Seni Bertauhid Imam al-Junaidi al-Baghdadi
Imam al-Junaid Al-Baghdadi memiliki nama asli Abu al-Qasim al-Junaid bin Muhammad bin al-Junaid al-Khazzaz al-Qawariri. Ia lahir di Baghdad.
Para ulama menyatakan pendapat berbeda tentang tahun kelahirannya. Beberapa ada yang menyatakan tahun 215 Hijriyyah, dan tahun 210 Hijriyyah menurut pendapat lainnya.
Ia tumbuh dan berkembang di Baghdad. Ia keturunan dari warga Nihawand, asal nenek moyangnya. Kota Nihawand merupakan daerah pegunungan yang keras, salah satu daerah di Provinsi Jibal, Persia.

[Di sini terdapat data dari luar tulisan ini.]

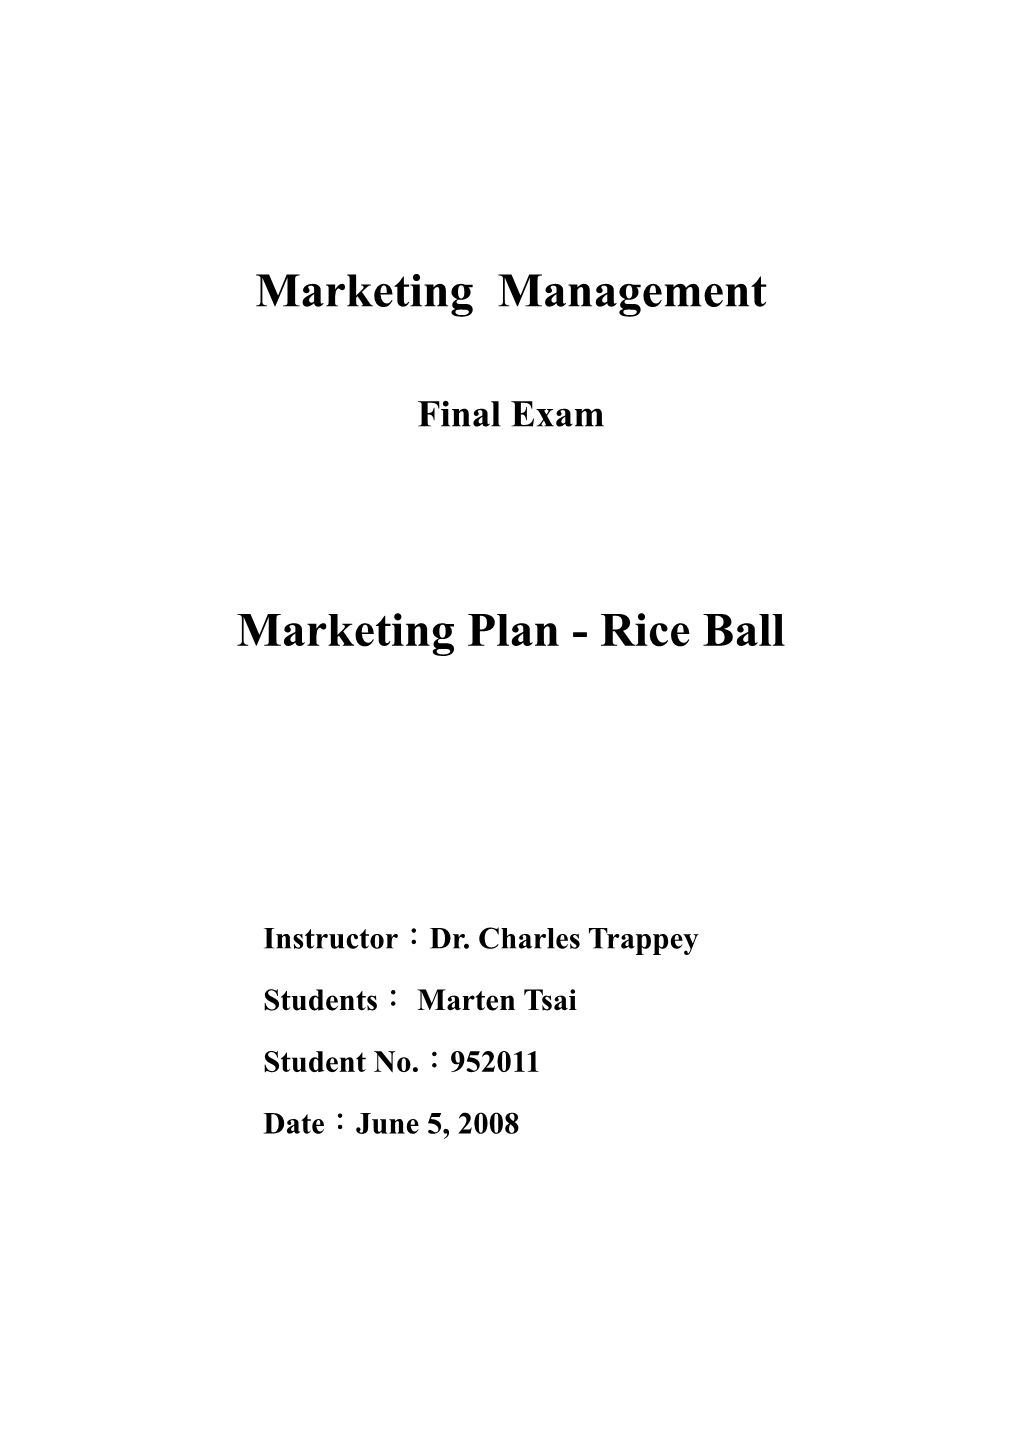 Marketing Plan - Rice Ball

Sepeninggal ayahnya ia tinggal dan sesekali belajar kepada pamannya, Sari as-Saqati. Imam al-Junaid menempuh pendidikan di berbagai tempat.
Awalnya ia belajar fikih dan hadits kepada pamannya, kemudian ia pergi merantau untuk mendalami ilmu fikih dan hadits di Majlis al-Harits al-Muhasibi. Setelah meguasai bidang ini, ia mengamalkannya dengan cara tekun beribadah. Melalui pengalaman itulah, lamat-lamat ia mulai mengenal dan mendapat pengetahuan tentang tasawuf.
Setelah berkenalan dan mempelajari ajaran tasawuf dari gurunya, Imam al-Junaid berhasil mengawinkan pemikiran tasawuf dan syari’at Islam. Di samping itu pula ia menyadari bahwa tasawuf tidak bisa dipisahkan dengan fikih. Keduanya saling melengkapi.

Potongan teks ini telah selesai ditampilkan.